--- Records provided ---
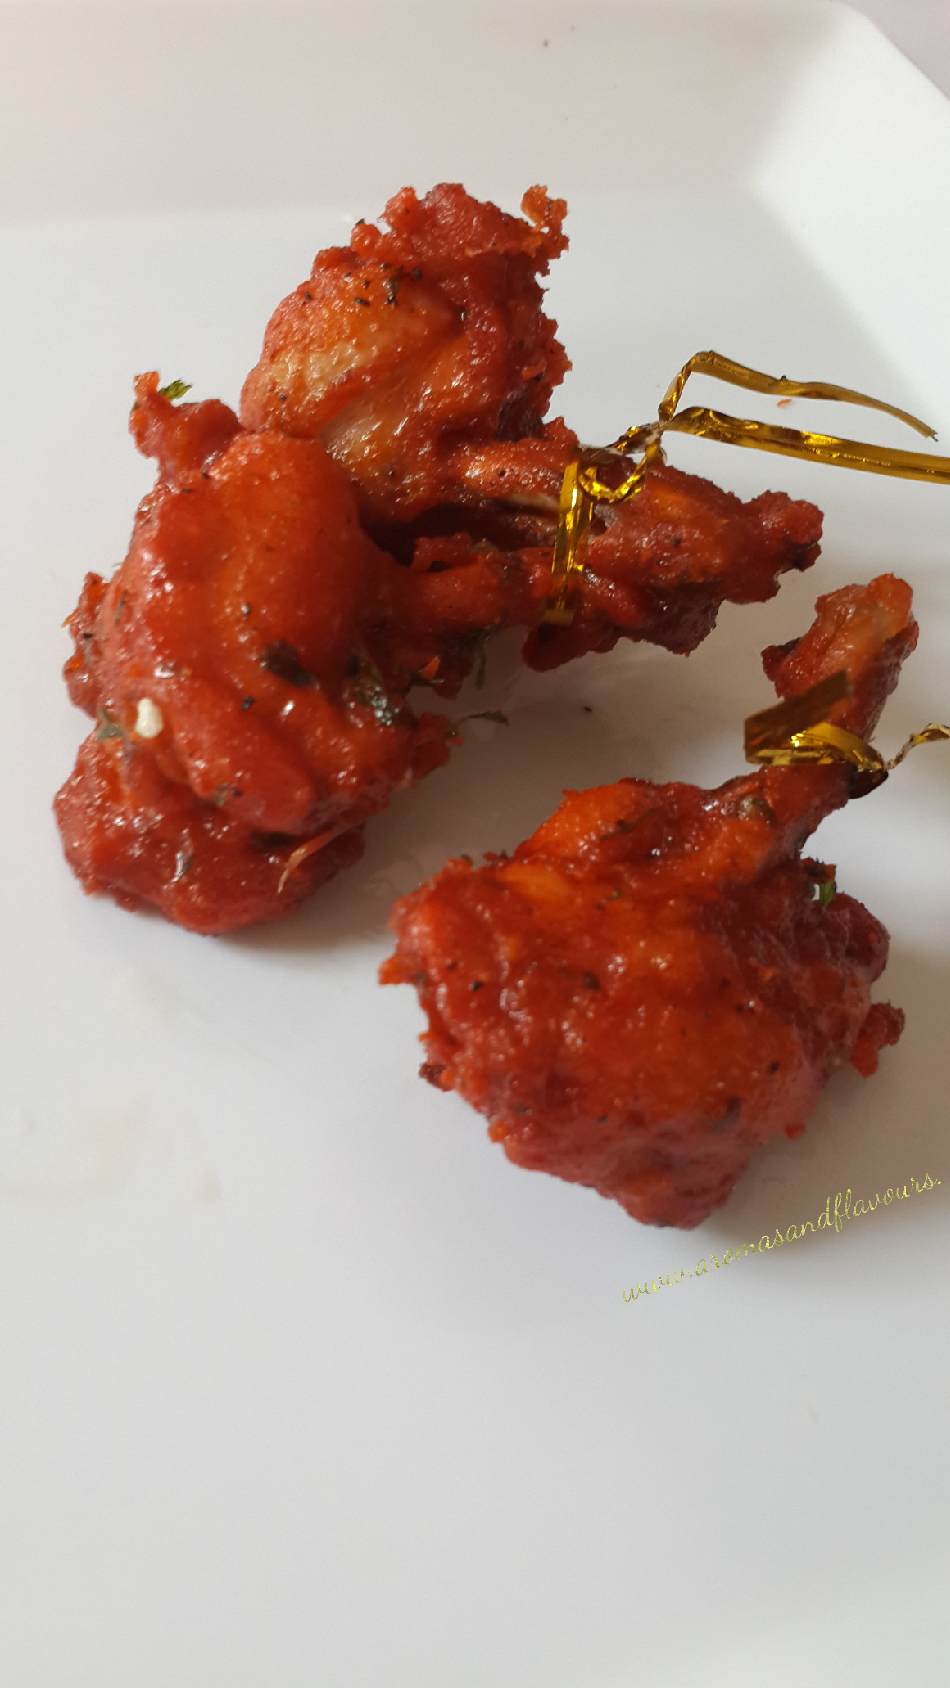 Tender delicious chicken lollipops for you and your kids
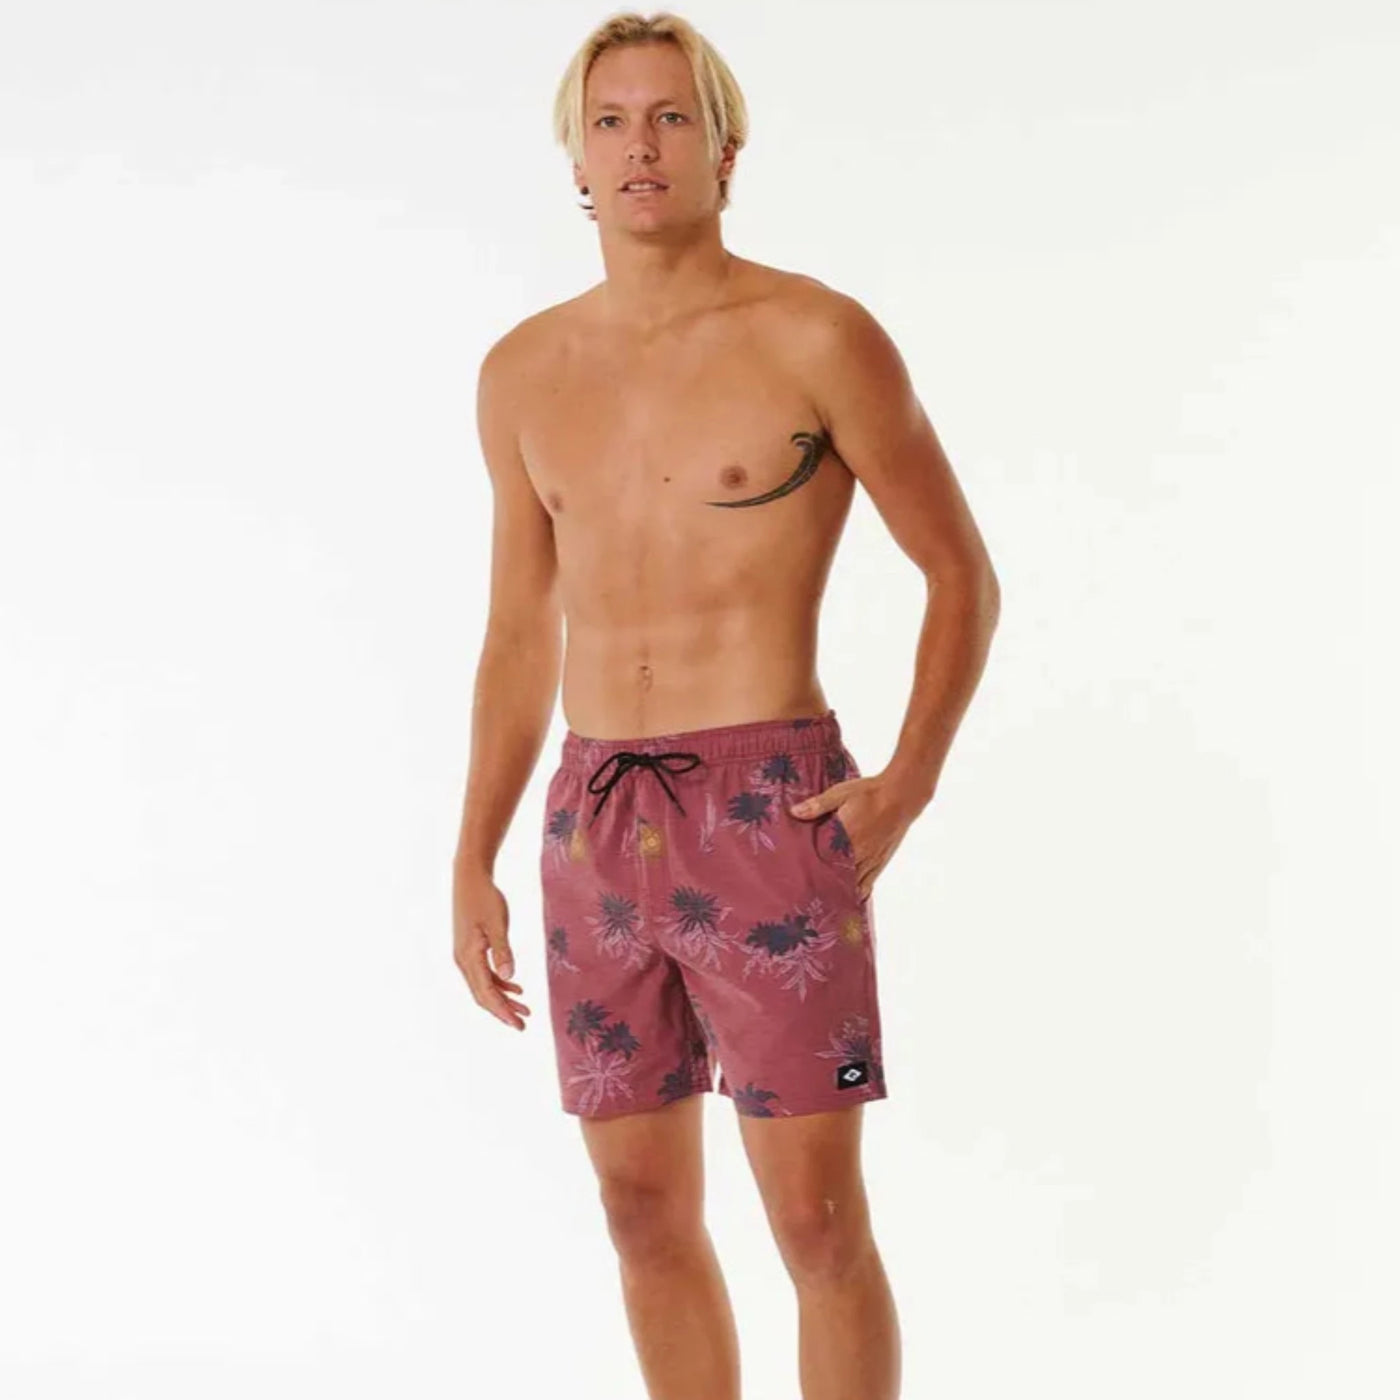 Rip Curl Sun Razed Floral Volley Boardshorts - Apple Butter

---

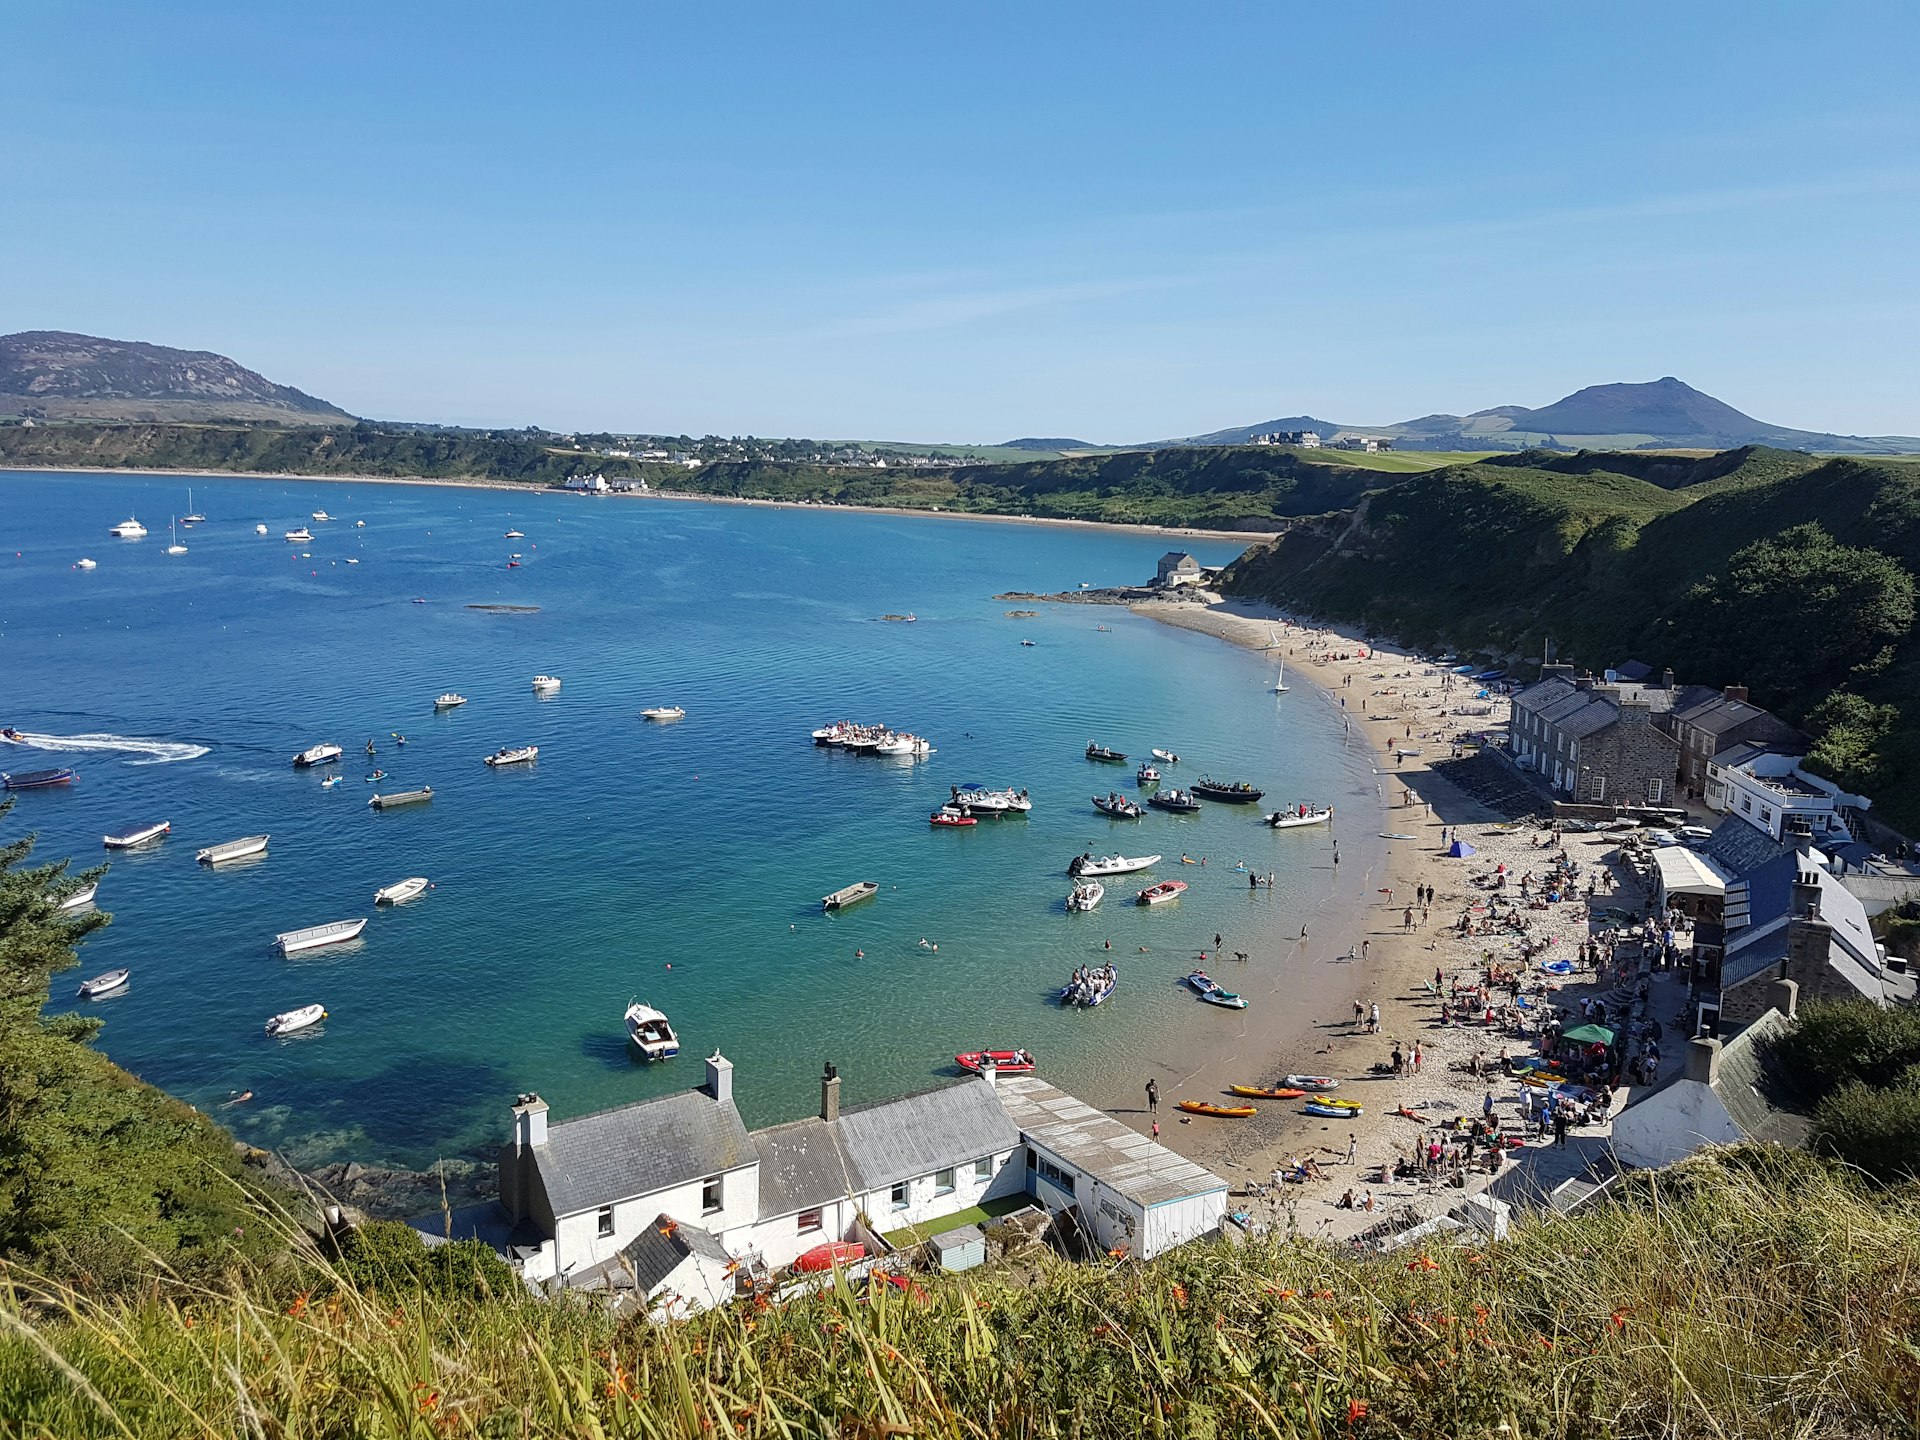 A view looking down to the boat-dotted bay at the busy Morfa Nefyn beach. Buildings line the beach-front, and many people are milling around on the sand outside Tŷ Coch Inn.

--- Prompt ---
Beginning with the line holding "Tender delicious chicken" in the material above, restate word for word each line through the line holding "Rip Curl Sun", and exclude pictures.

--- The completed task ---
 Tender delicious chicken lollipops for you and your kids
 Rip Curl Sun Razed Floral Volley Boardshorts - Apple Butter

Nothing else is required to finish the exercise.